### EXERCISE GOAL
Repeat, line for line, only the span that opens at the "Francis Delmonico speaks" line and closes at the final line below. Skip the pictures.

### COLLECTED DATA
-------------------------
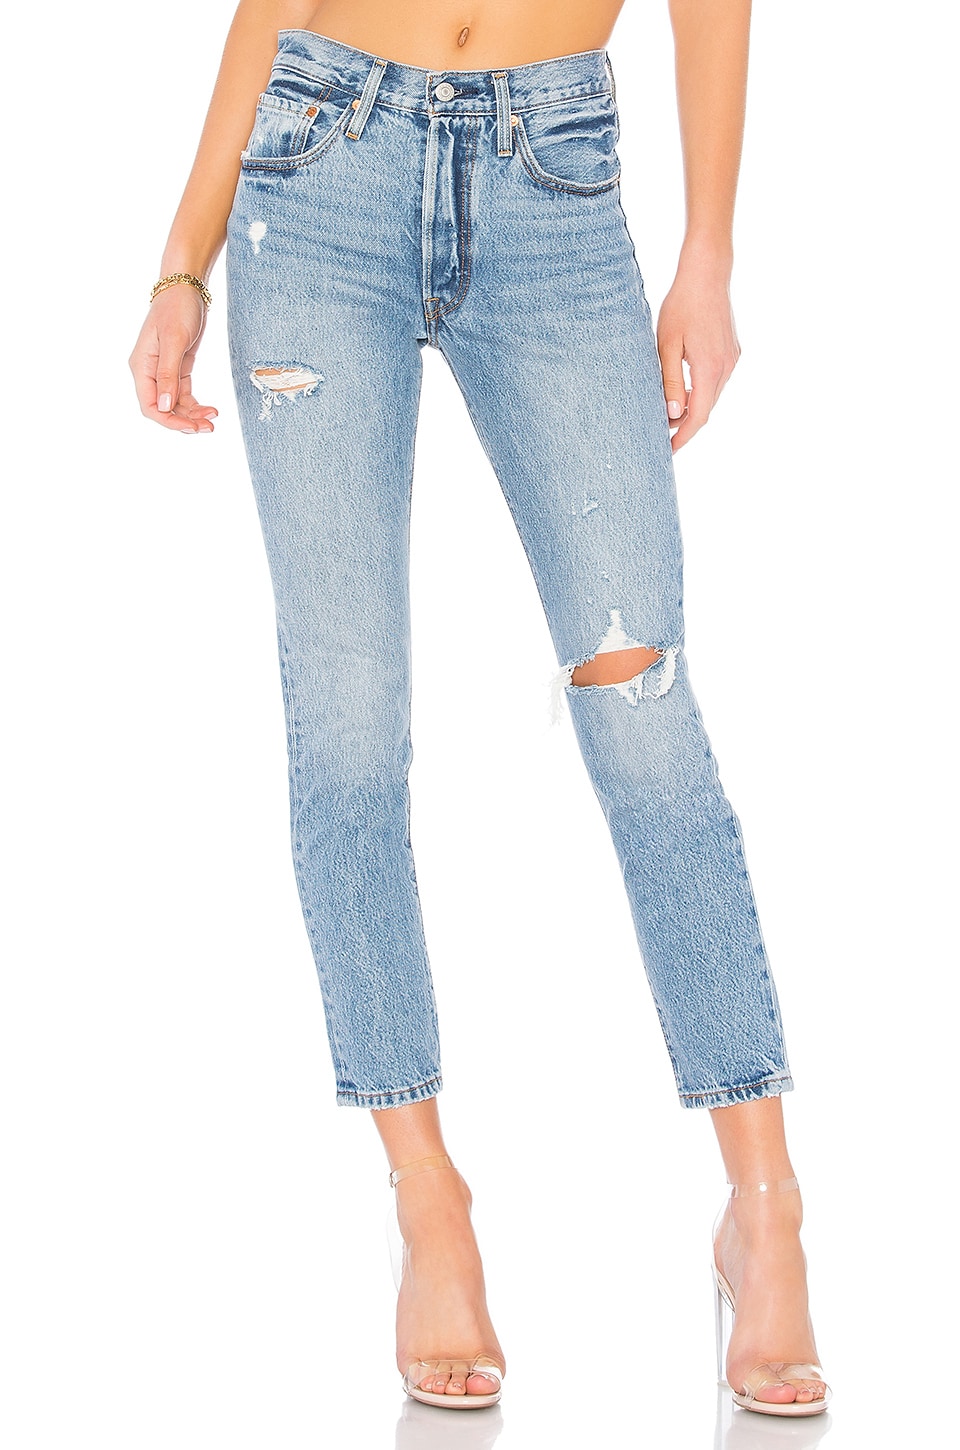 LEVI'S 501 Skinny in Can't Touch This |
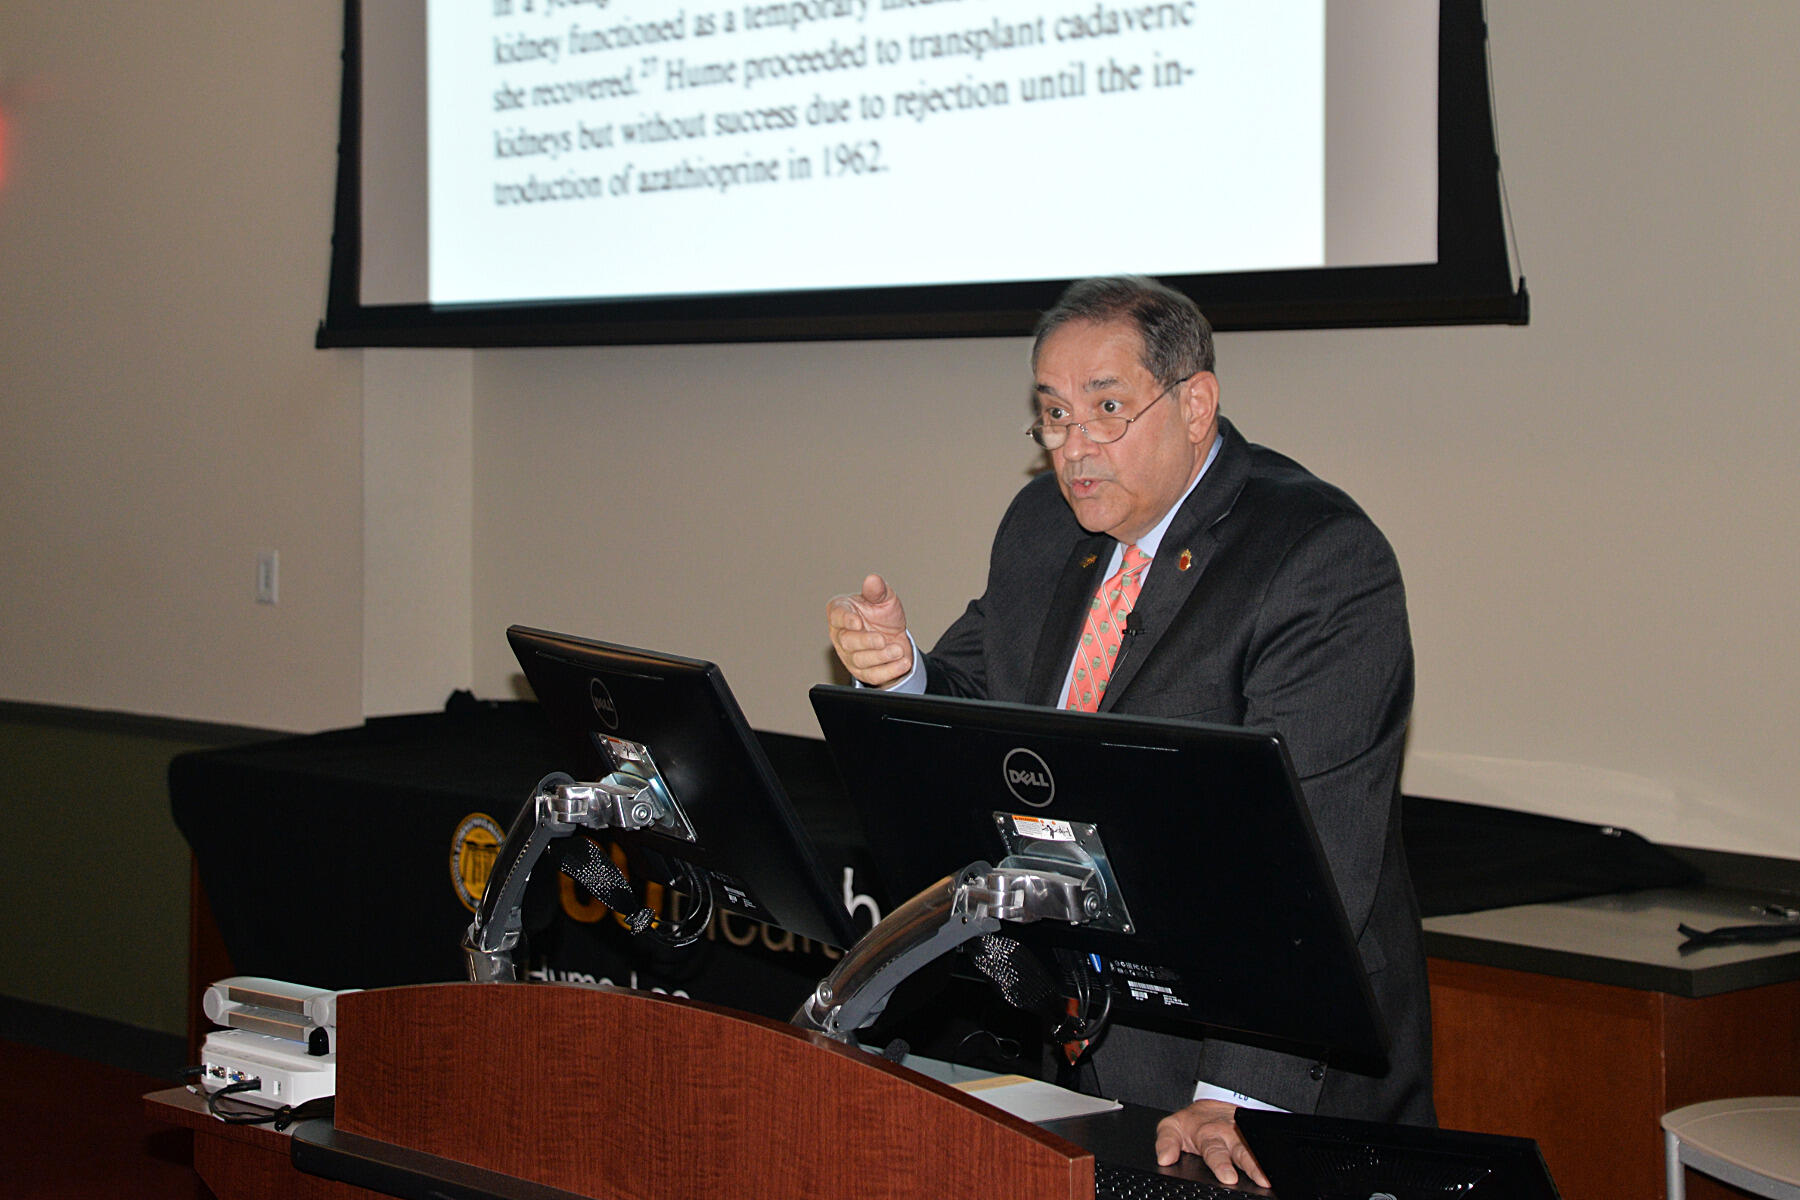 Francis Delmonico speaks with attendees Dec. 2 as part of the VCU Health Hume-Lee Transplant Center’s 60th anniversary.
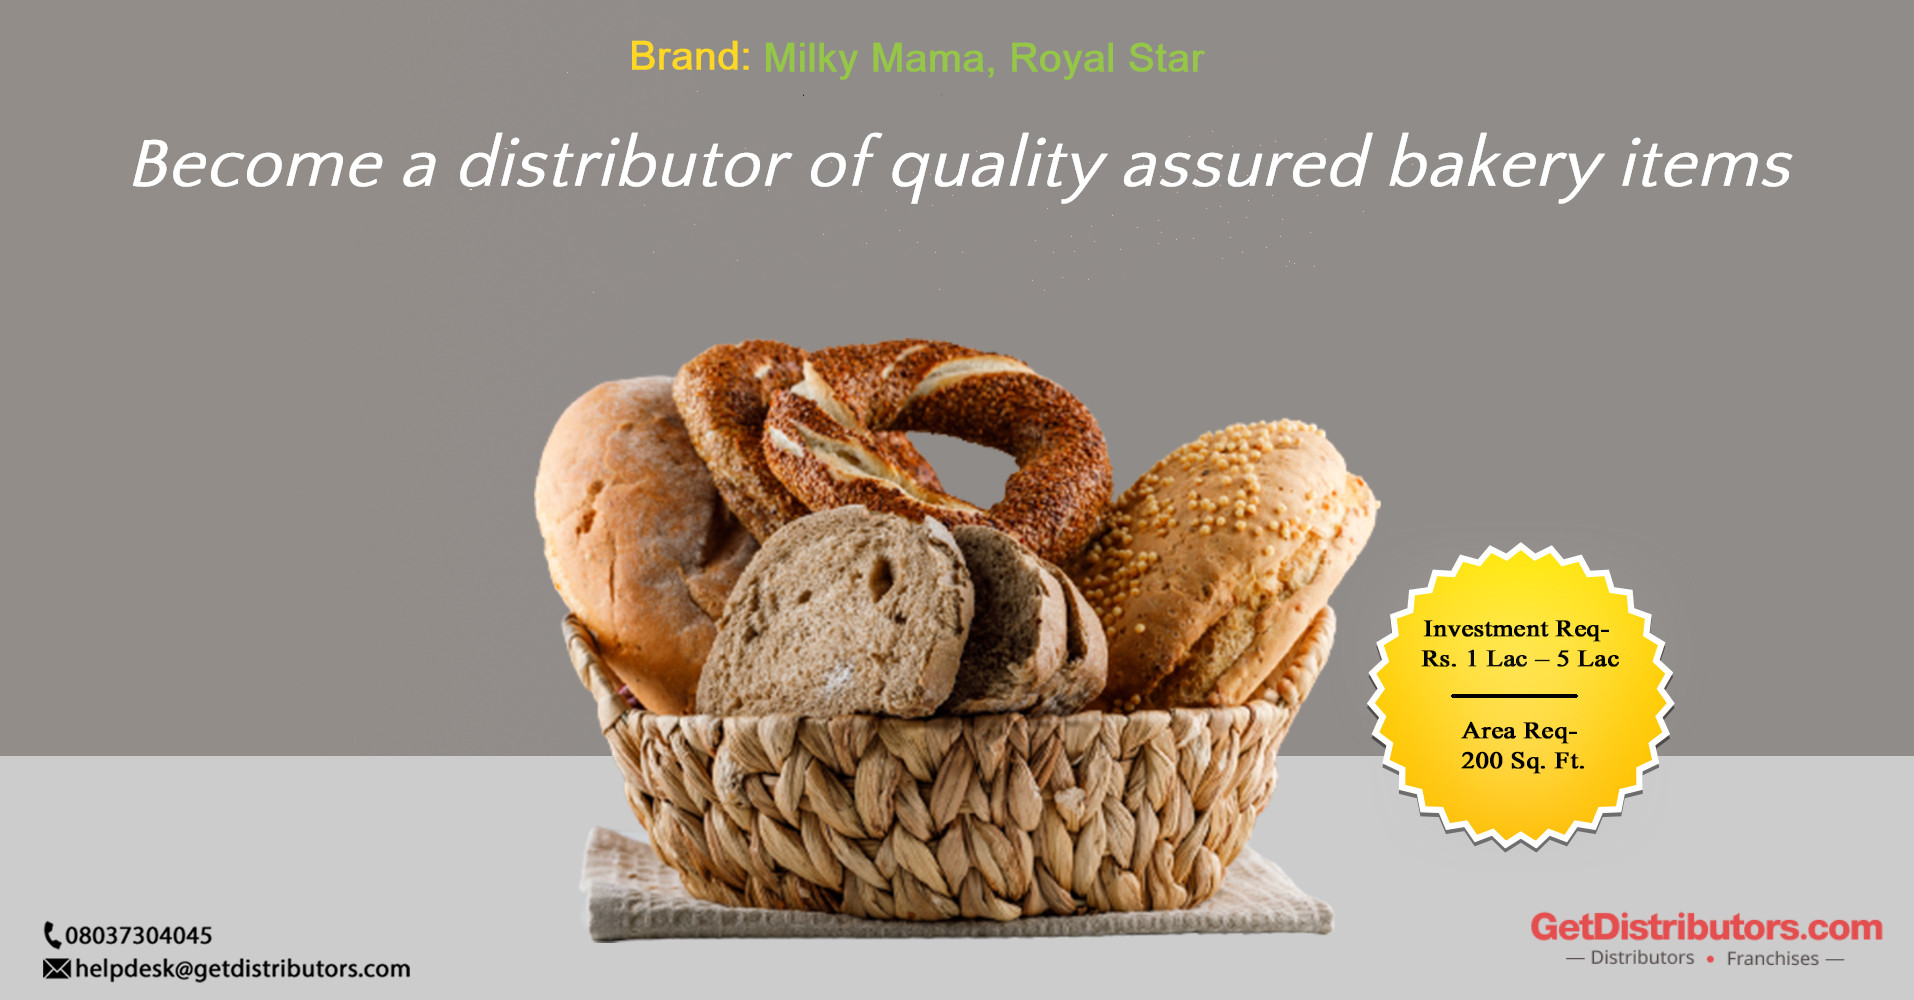 Become a distributor of quality assured bakery items
-------------------------
### OUTPUT FOR THIS EXERCISE
 Francis Delmonico speaks with attendees Dec. 2 as part of the VCU Health Hume-Lee Transplant Center’s 60th anniversary.
 Become a distributor of quality assured bakery items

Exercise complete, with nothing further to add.